* _Task goal_
The whole listing is to be given again without alteration, except that its pictures are dropped.

* _The data_
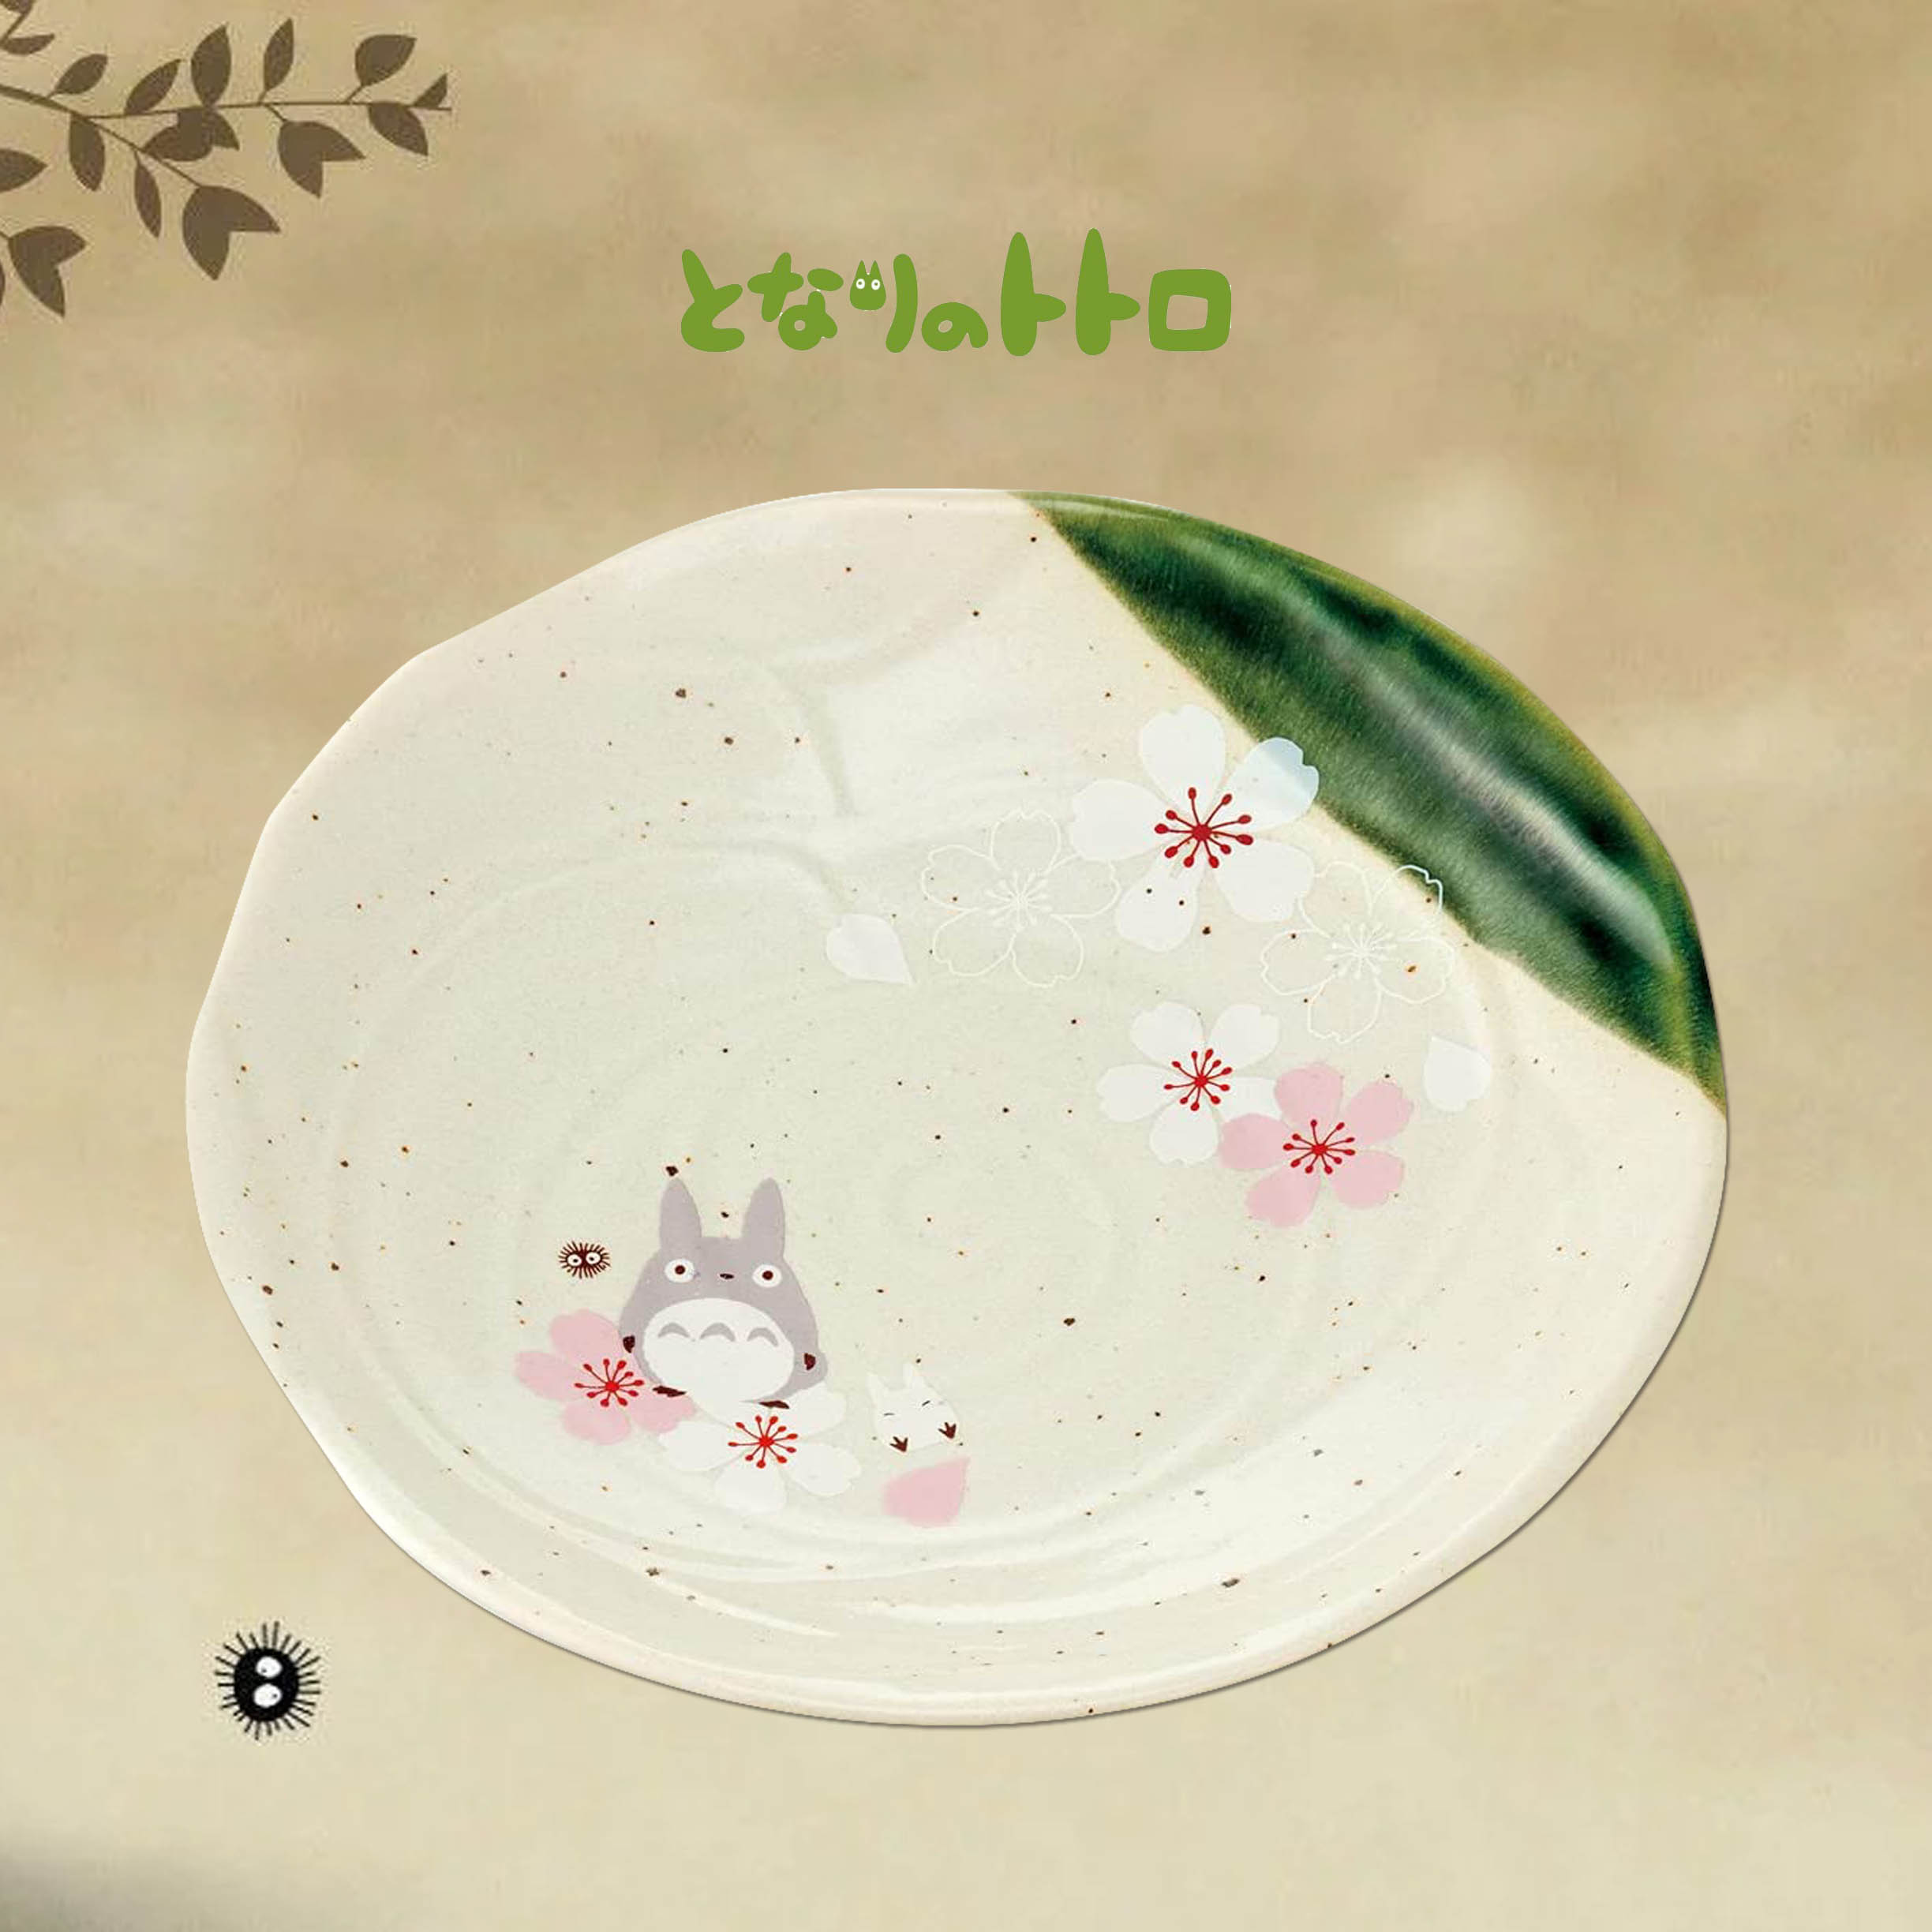 陶瓷深圓盤-龍貓 豆豆龍 TOTORO SKATER 日本進口正版授權
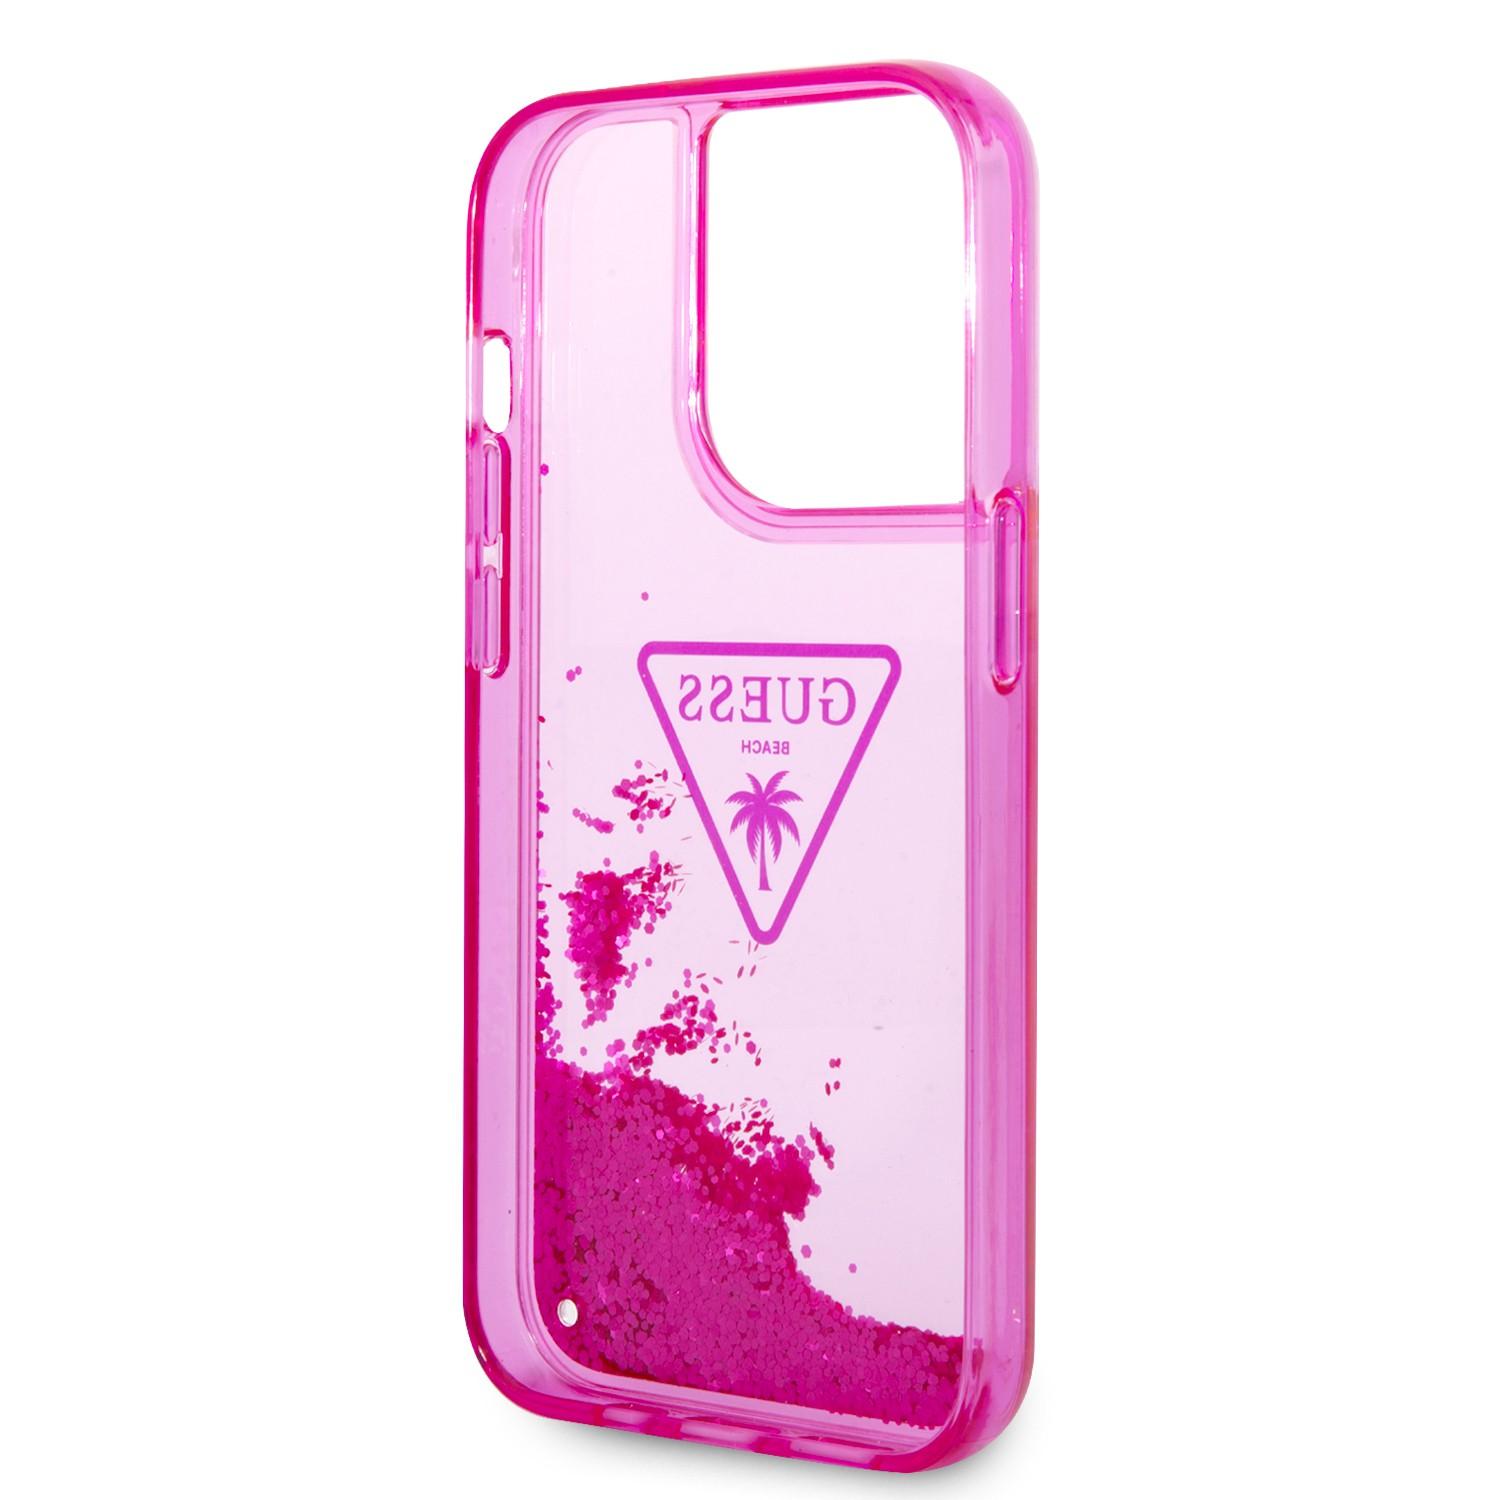 كفر ايفون 14 برو زهر جيس Guess Liquid Glitter Case With Translucent Triangle Logo For iPhone 14 Pro Pink - cG9zdDoxMzg0OTMx
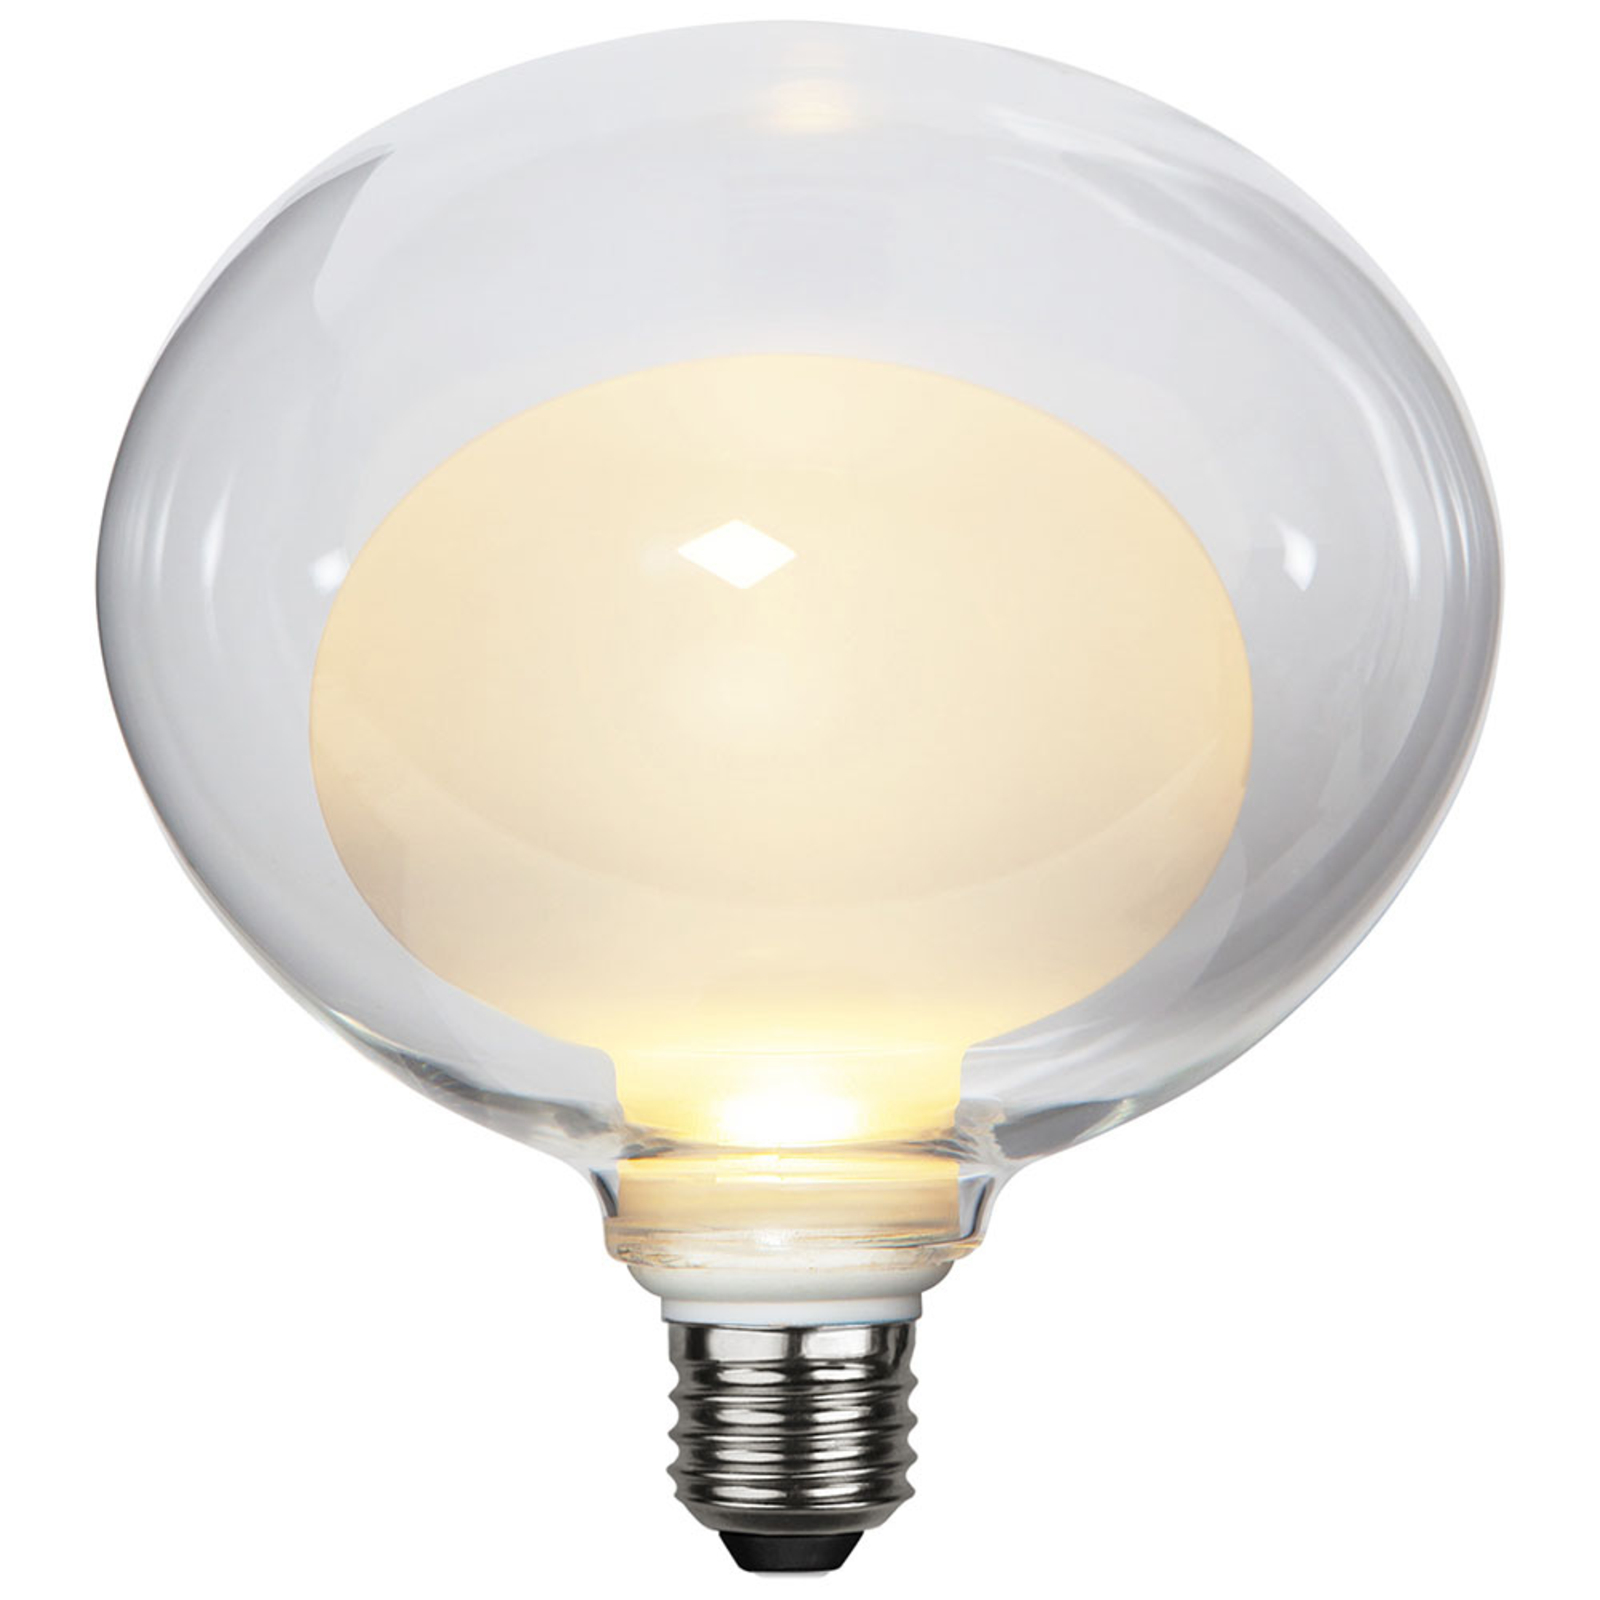 LED lamp Space E27 3,5W G150, opaal, 3-step dim

* _Output below_
 陶瓷深圓盤-龍貓 豆豆龍 TOTORO SKATER 日本進口正版授權
 كفر ايفون 14 برو زهر جيس Guess Liquid Glitter Case With Translucent Triangle Logo For iPhone 14 Pro Pink - cG9zdDoxMzg0OTMx
 LED lamp Space E27 3,5W G150, opaal, 3-step dim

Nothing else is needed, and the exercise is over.